The Golden Square coup was launched on 1 April 1941, overthrowing the Regent and installing Rashid Ali al-Gaylani as Prime Minister.

British response

Empire forces sent to quell the revolt

On 18 April, Britain reacted by landing the Indian 20th Infantry Brigade at Basra, the first used Native Assyrian Levies esp in Habbaniyah. elements of Iraqforce. Britain claimed it was entitled to do this under its defence treaty with Iraq.

Siege of Habbaniya
In the following days, the new Iraqi government moved substantial ground forces, including an infantry brigade, an artillery brigade, and 12 armored cars as well as tanks to the plateau overlooking RAF Habbaniya, the large British Royal Air Force (RAF) base beside the River Euphrates  west of Baghdad. Upon arrival, the Iraqis demanded that the British not move any troops nor aircraft in or out of the base. The British responded by first demanding that the Iraqis leave the area and then, following the expiry of an ultimatum given in the early hours of 2 May, launched an attack. The base had a force of 96 lightly-armed aircraft, most of which were either purpose-built trainers or obsolete combat aircraft converted to training use. They also had an understrength battalion from the King's Own Royal Regiment (Lancaster), six companies of Assyrian Levies (troops raised by the British), 18 armored cars and a company of RAF personnel, giving a total strength of 2,200 troops to defend the base. The Royal Iraqi Air Force, despite having aircraft that included numerous modern British-, Italian- and US-built machines, failed to defeat the RAF. By the second day of fighting (3 May), four Blenheim fighter bombers arrived.

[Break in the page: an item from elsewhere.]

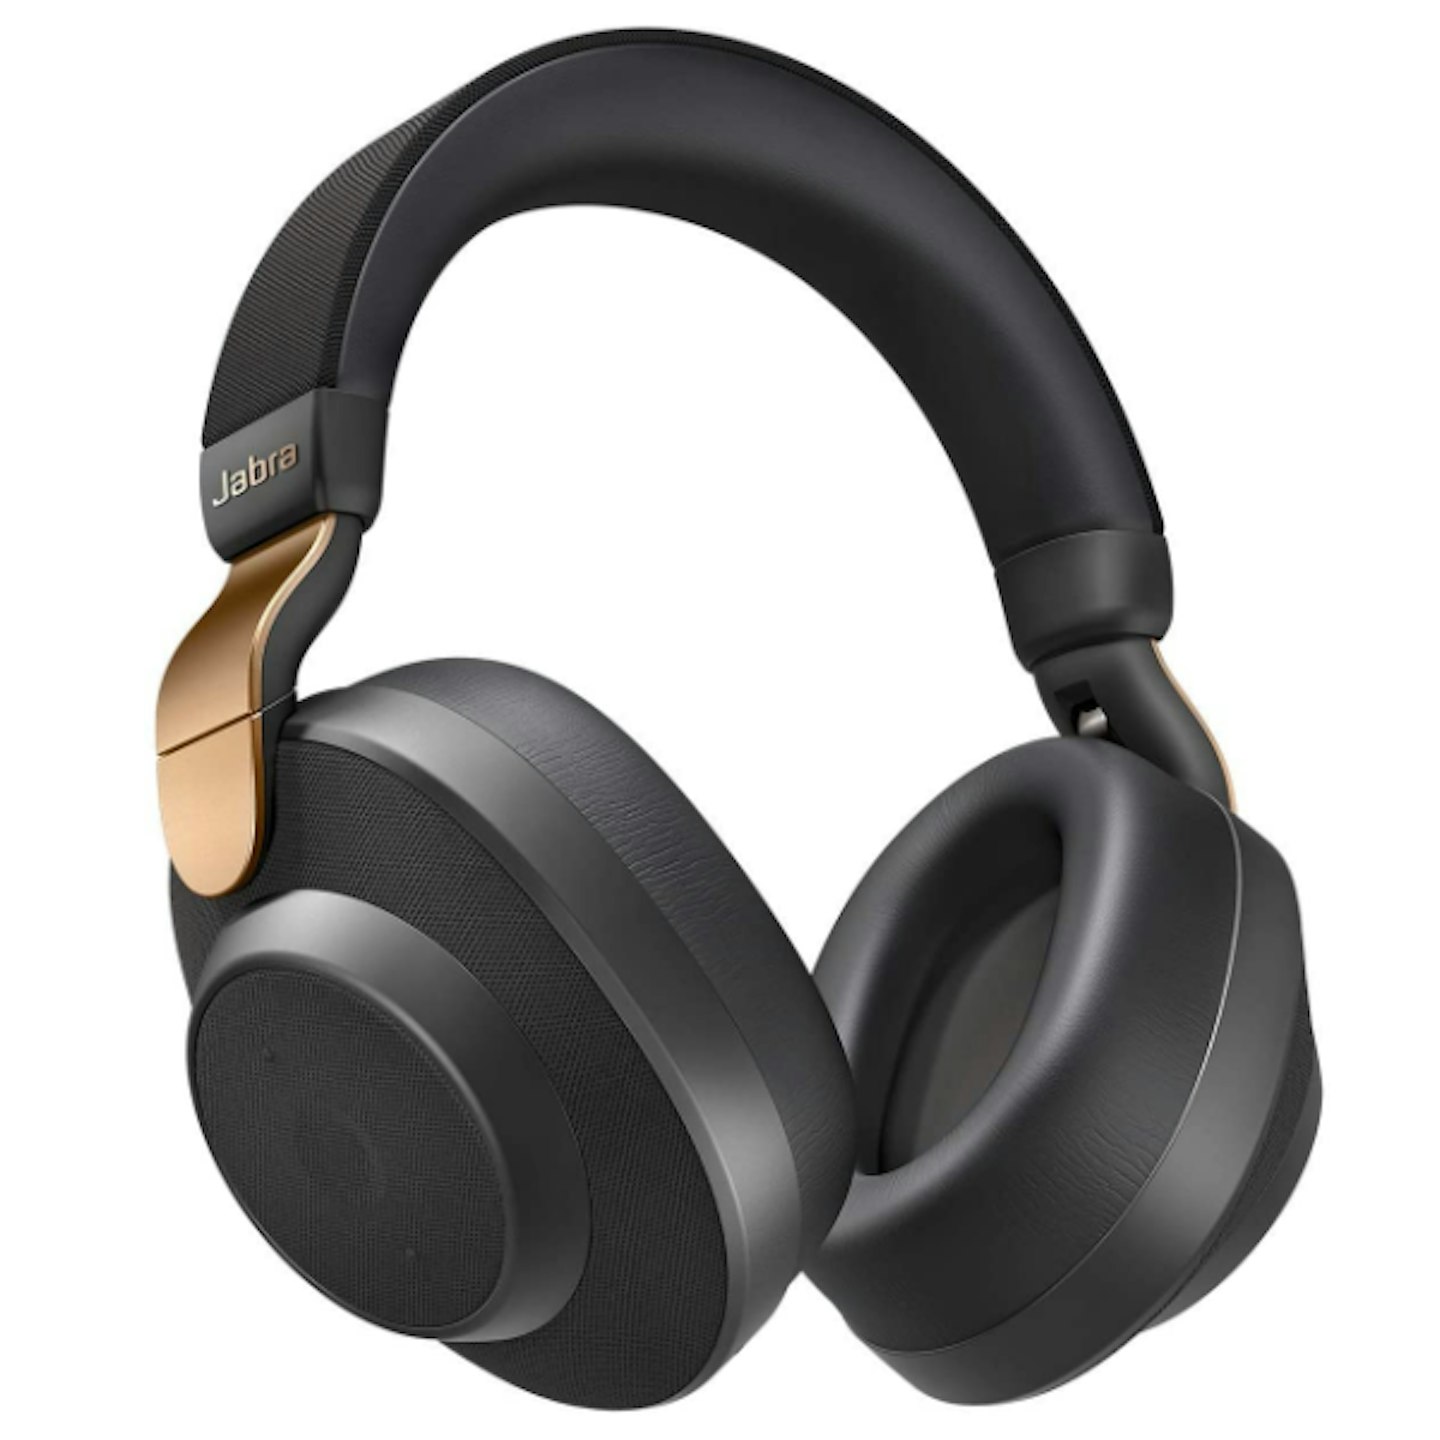 Jabra 85h Wireless Noise-Cancelling Headphones

With British forces having air superiority, the Iraqi army was forced back to Fallujah and the RAF attacked the Iraqi Air Force bases at Mosul and Rashid. Habbaniya had essentially lifted the siege with its own resources.

Reinforcements, officially called "Iraqforce", came from two directions. British and Arab Legion forces arrived in two columns (Habforce and Kingcol) across the desert from Palestine and Transjordan. Additional Indian forces continued to arrive in Basra.

The Iraqi army was driven out of Fallujah and pursued to Baghdad, which fell within a week. This cleared the way for the nominal restoration of the Regent and the pro-British government. British military occupation of Iraq continued until late 1947.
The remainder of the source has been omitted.